Когда после долгого ожидания служащий выкликнул наконец его фамилию, Эдано Ичиро одернул китель и решительно направился к двери, за которой заседала комиссия. Его утомило не столько само ожидание, сколько молчание соседей по очереди, подозрительность, с которой они относились друг к другу, хотя никто не проронил ни слова. Возможно, потому что были незнакомы, поскольку находились в разных лагерях. Комиссия по проверке знала, что делала, и учла подобную психологическую подготовку перед опросом.

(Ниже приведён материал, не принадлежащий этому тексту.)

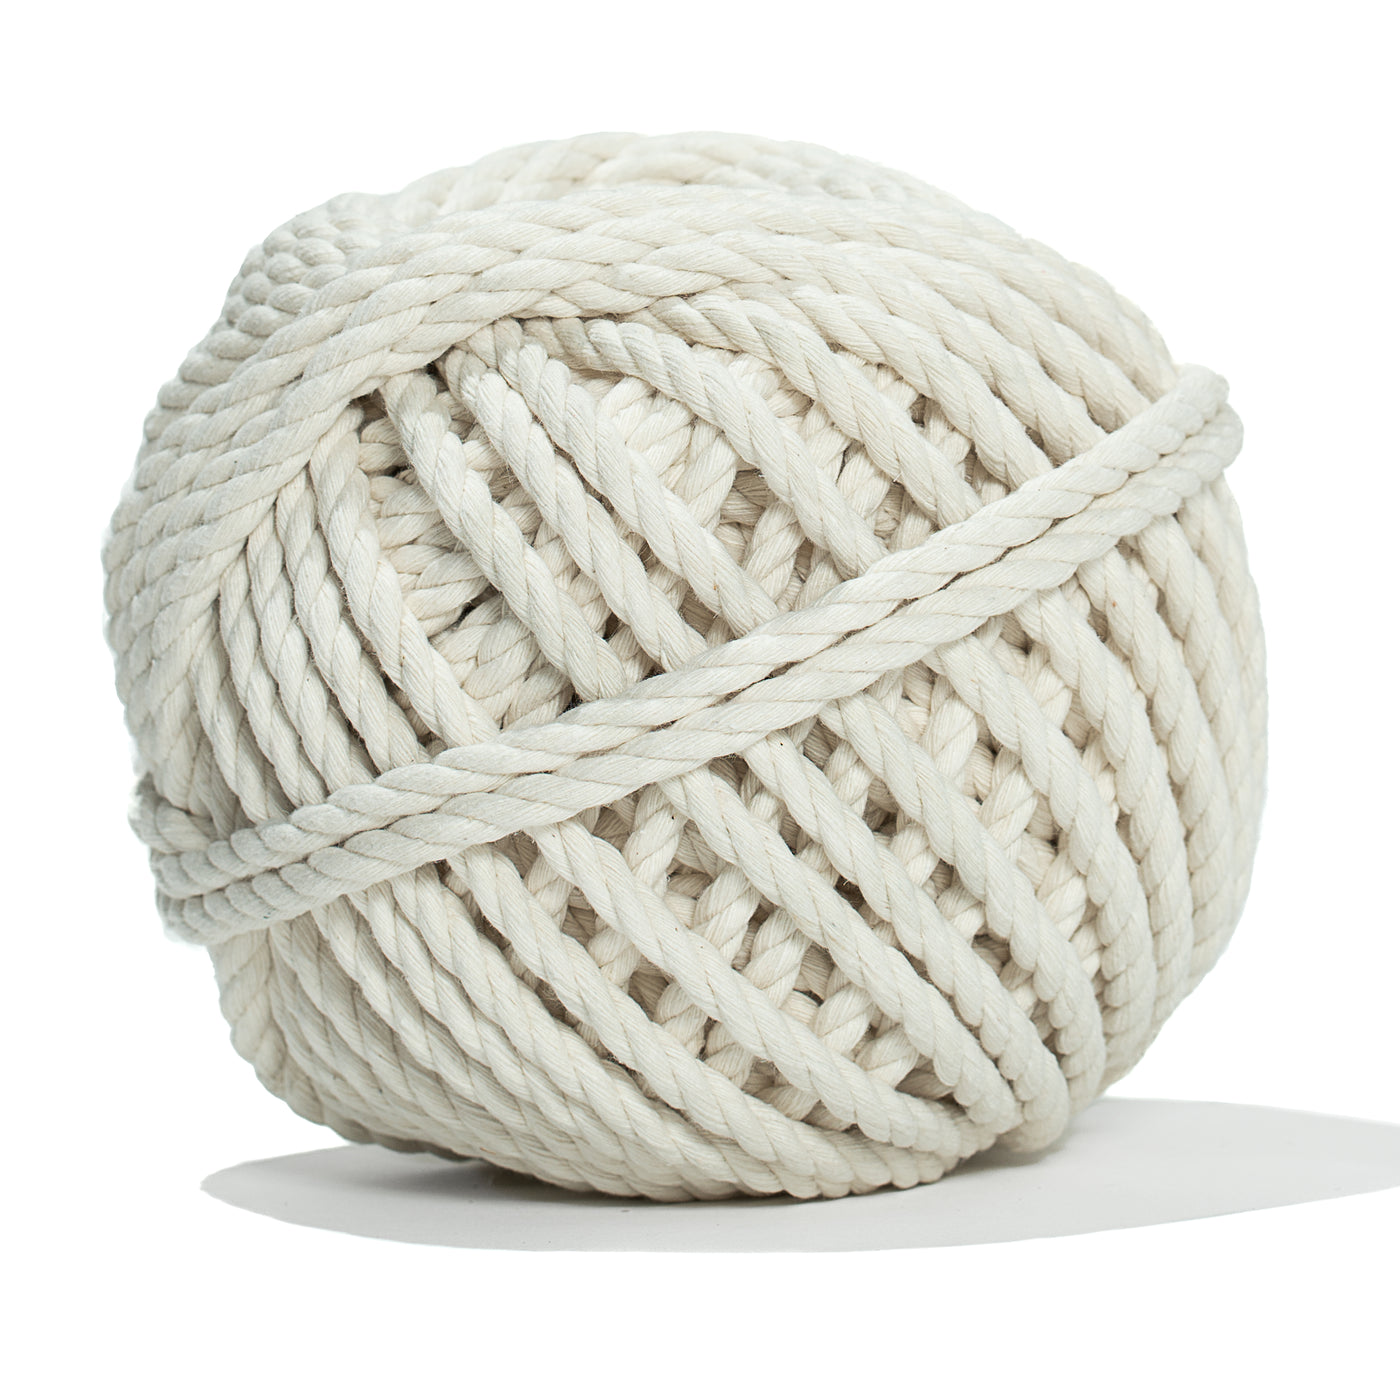 COTTON ROPE ZERO WASTE 7 MM - 3 PLY - NATURAL COLOR

Войдя в длинную, узкую комнату, Эдано увидел несколько чиновников. Полнолицый, хорошо одетый человек – председатель комиссии – переспросил у него фамилию и звание. Если бы Тарада – Хомма был жив, он сразу бы узнал в нем бывшего подполковника из второго управления штаба уже несуществующей Квантунской армии. Это он в августе сорок пятого года на окраине Мукдена инструктировал замаскировавшихся на случай плена разведчиков. Бывший подполковник, ныне чиновник министерства благосостояния, взял анкету Эдано, заполненную накануне, и бегло зачитав её, спросил, чем он думает заняться на родине, куда хочет выехать из лагеря.

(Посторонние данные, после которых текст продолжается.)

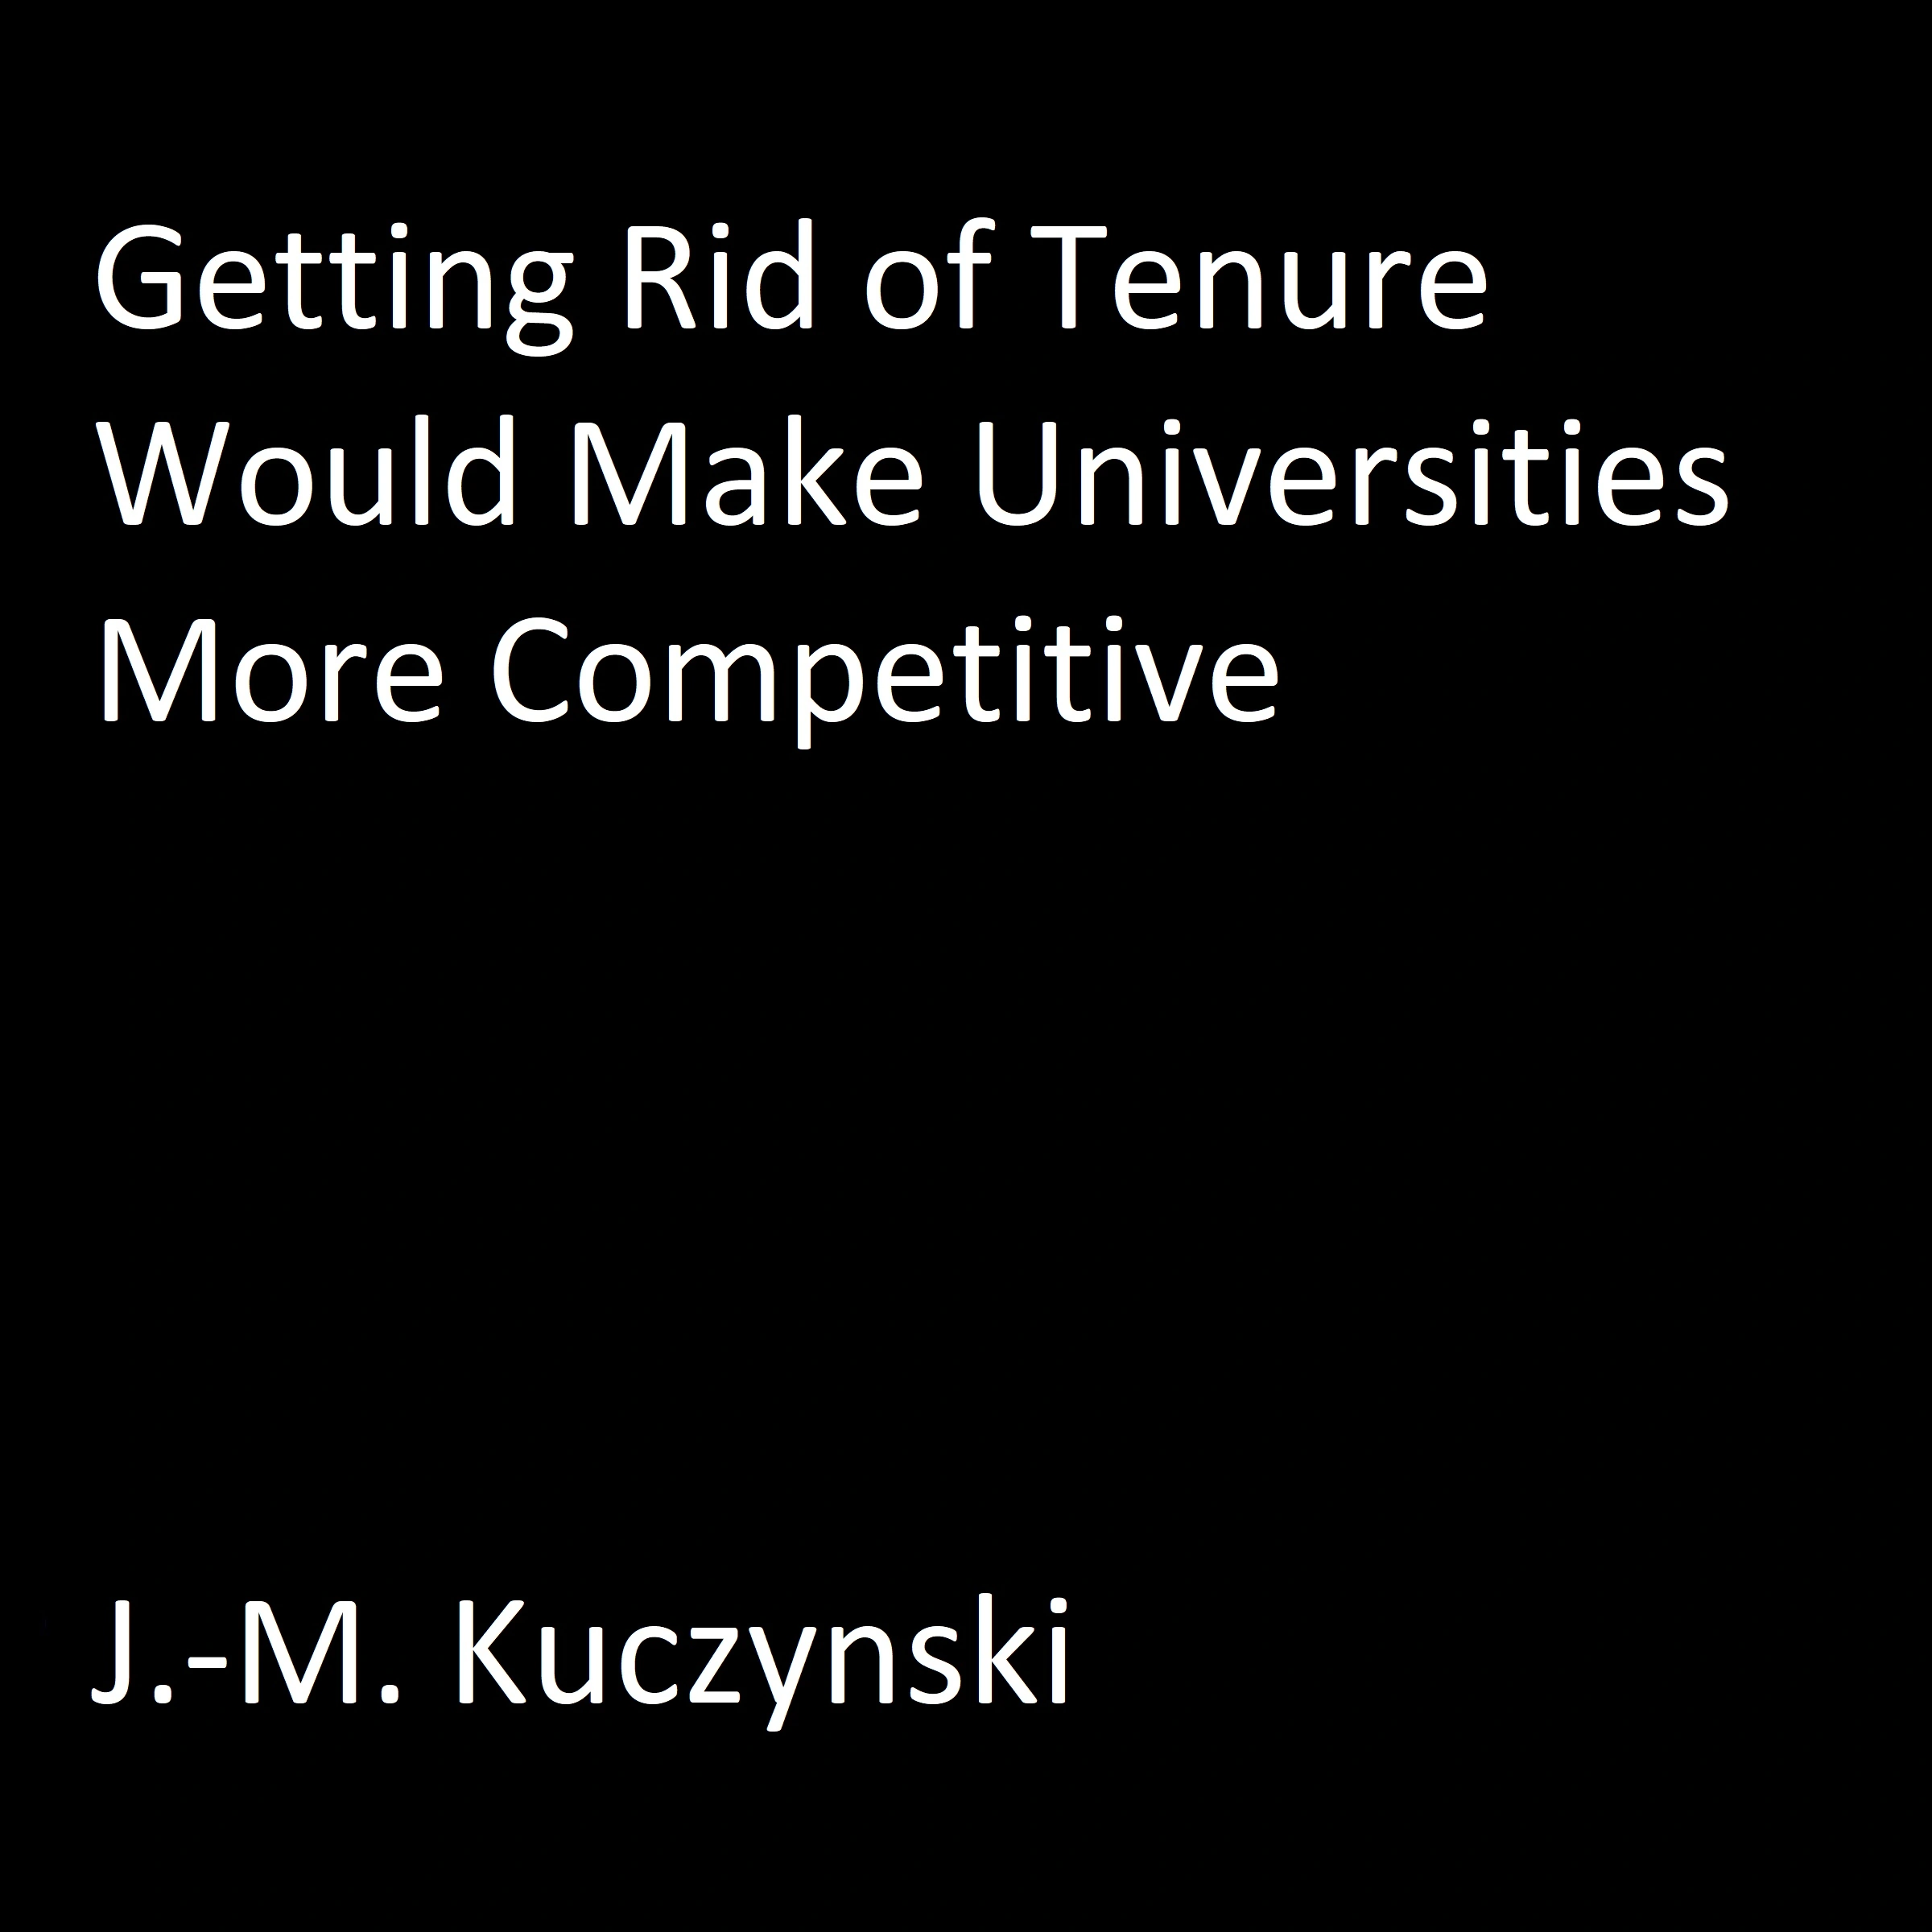 Getting Rid of Tenure Would Make Universities More Competitive Audiobook by J.-M. Kuczynski

– Только домой, господин начальник, – подчеркнуто браво вытянулся Эдано. – У меня там дед, жена, сын. Сына я ещё и не видел. Буду работать. В плену я стал строителем.

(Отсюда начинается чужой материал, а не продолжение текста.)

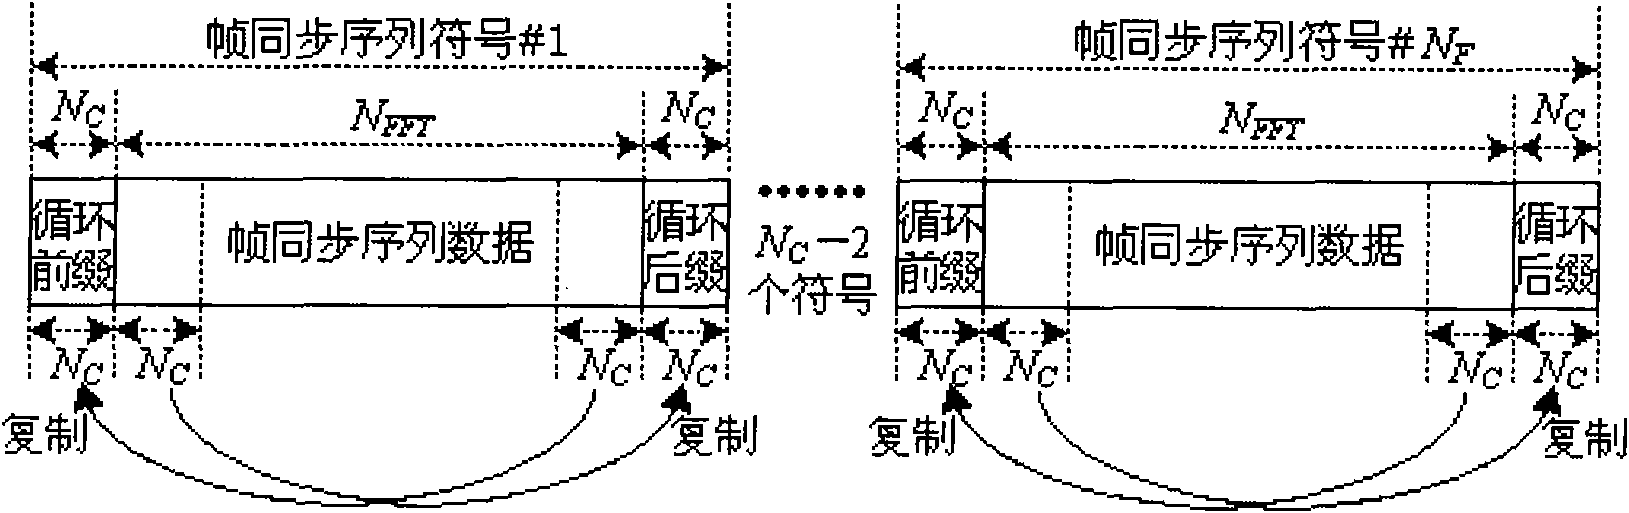 Time domain combined synchronization method for orthogonal frequency division multiplexing (OFDM) ultra wide band system receiver

– Похвальное намерение! – кивнул головой председатель комиссии. – А разве вы отца не навестите? – остро посмотрел он сквозь стекла очков на Эдано. – Он, кажется, в Токио?
– Мне об этом писал дед, господин председатель! – напрягся Эдано, понимая, что допрос стал подходить к главному. – Но я почти не помню отца. Он покинул нас, когда я был ещё маленьким. Потом нам сообщили, что он погиб при крушении поезда. Я не знаю, как он ко мне отнесется, и поэтому поеду прямо домой.
– Разве вы с ним не переписывались?
– Получил от него только одно письмо. Я поеду прямо домой, – вновь повторил Эдано.
– Скажите, Эдано-сан, – вмешался в разговор щеголеватый член комиссии, перед которым лежала пачка сигарет «Кэмэл», – вы, кажется, служили в отряде «Белая хризантема».
– Так точно! На Лусоне!
– По нашим данным, весь отряд «Белая хризантема» геройски погиб, выполняя приказ. А вы?..
Раньше такой вопрос поверг бы Эдано в смятение, но теперь он уже не тот. Теперь Эдано только благодарен судьбе и верному другу Саваде за то, что остался жив – не погиб бессмысленно.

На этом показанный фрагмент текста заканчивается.